Article: B. J. MANION, A. MCLAUGHLIN (AUSTRALIA)
Traumatic Brain Injury - A Brief Review of the Acute Care of Head-Injured Patients
In both civilian and military settings, head injury, also referred to as Traumatic Brain Injury (TBI) can be a devastating, highly debilitating and extraordinarily expensive injury. The epidemiology of TBI in the military is difficult to assess accurately.
With improvements in delivery of medical care and protective equipment, soldiers are now surviving injuries they previously would not have survived. This has forced the medical community and society to develop an approach to rehabilitating and accommodating the long-term care needs of more and more soldiers affected by TBI.
The burden of TBI on military personnel is huge. Head and neck injuries, including
severe TBI have been reported in 25% of US service members evacuated from Iraq
and Afghanistan (1,2). Up to 40% of military mortality is attributed to TBI (3,4).

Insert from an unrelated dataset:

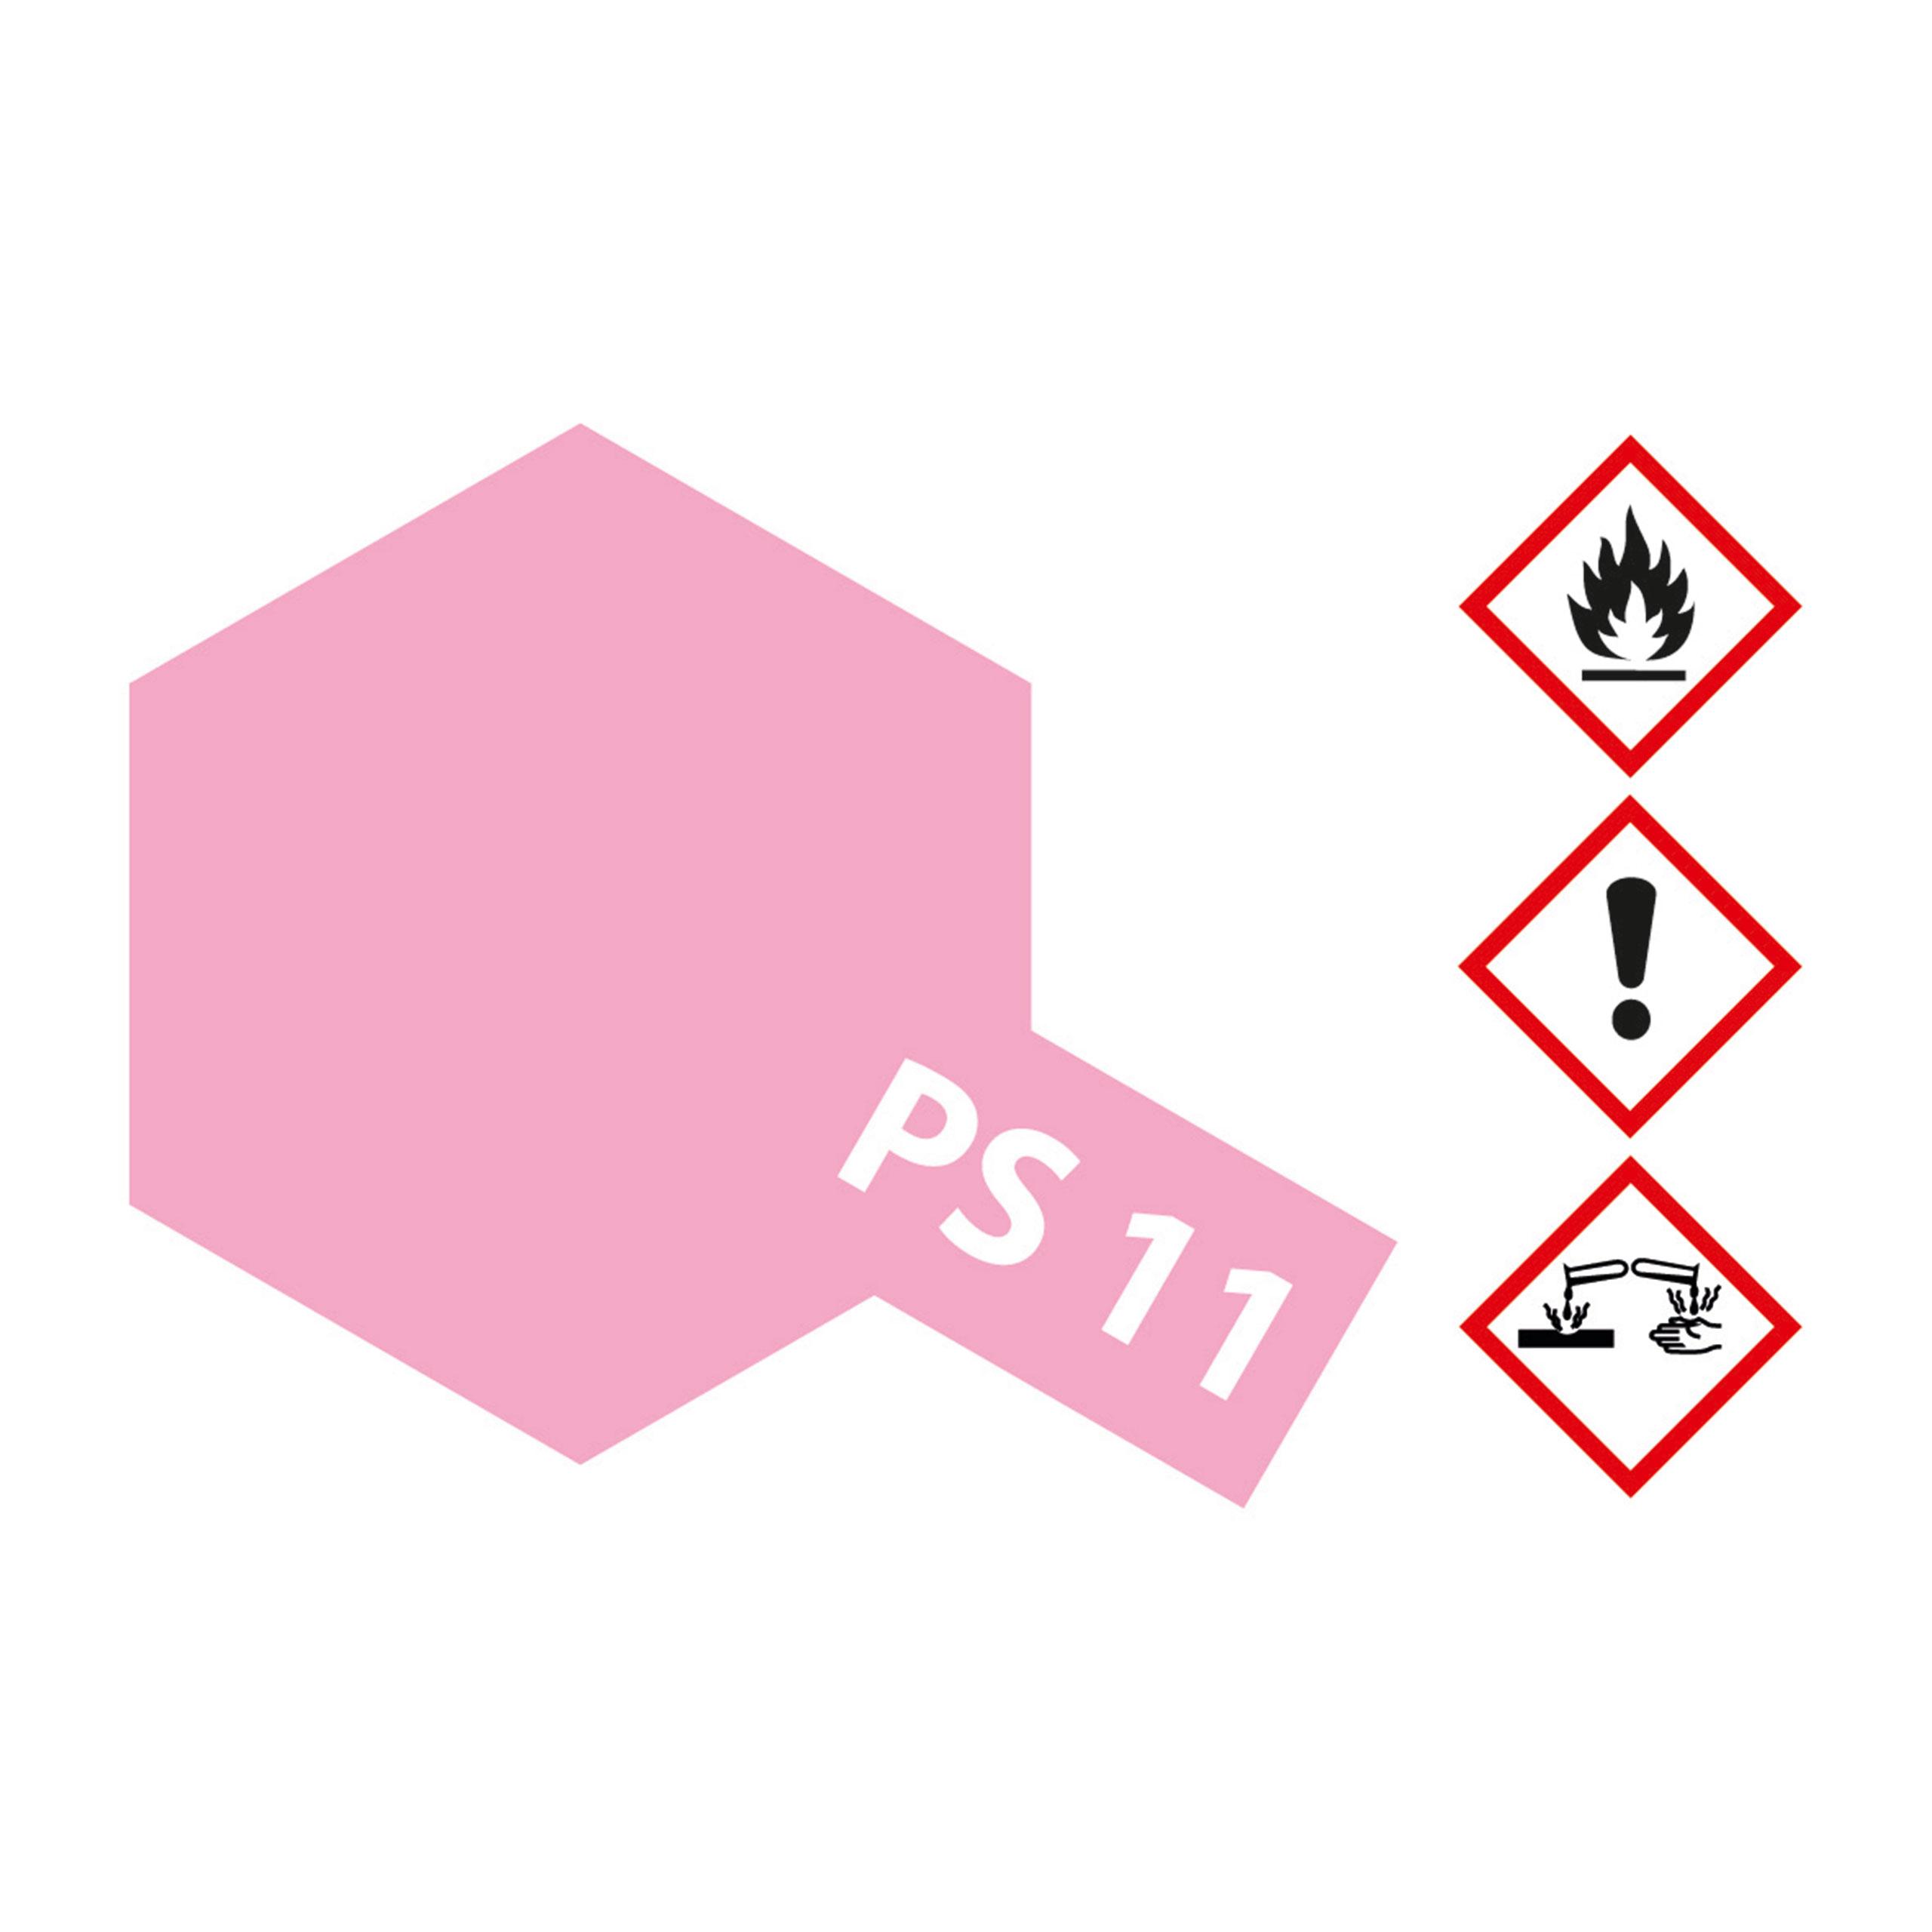 PS-11 Rosarot Polycarbonat - 100ml Sprayfarbe Lexan - Tamiya 300086011

Some researchers have suggested over 300 000 U.S. veterans of the wars in Iraq and
Afghanistan have sustained a mild TBI (4). Official statistics based on electronic medical
records within the U.S. military released by the Department of Defense report 195,547 TBIs were diagnosed in military personnel between 2000-2010. Of this number 2038 were classified as severe; 33 020 were classified as moderate and 150 222 were classified as mild as of November 2010 (1). Research into the epidemiology of TBI in military personnel is a high priority, with the U.S. Senate recently allocating significant funding. Prompt and rational
treatment of the acutely head-injured individual can make a significant difference
to the individual’s subsequent outcomes. Understanding the appropriate
assessment, triage and treatment of personnel suffering a TBI is essential to
achieving the best possible outcome. The pathophysiology, physiology and acute
care of head injury are the main focus of this article.
Primary Brain Injury
The injury sustained by the brain at the time of trauma is the primary injury. It
results directly from the trauma and by definition it is irreversible, with prevention
being the only possible intervention. Classification of primary brain injury
based on mechanism of injury identifies three types of TBI; Penetrating; Closed;
and Blast(4,5,6). Single injuries may be a complex combination of these forces.
In penetrating TBI (pTBI) a foreign object penetrates the skull and travels
through the brain parenchyma, damaging neurons, glia and fibre tracts (5). In closed
TBI (cTBI) disruption of brain function can occur from brain motion and deformation
within the cranial vault, resulting in damage to brain parenchyma, blood
vessels and fibre tracts (5). Blast TBI (bTBI) is currently the predominant cause of TBI
in the military (5). An explosive blast wave induces localized particle motion in
the medium it is passing through. The blast wave creates deforming forces, and
the local micromotion of the skull creates a local system of vacuum and pressure
with resultant widespread neurological damage (5).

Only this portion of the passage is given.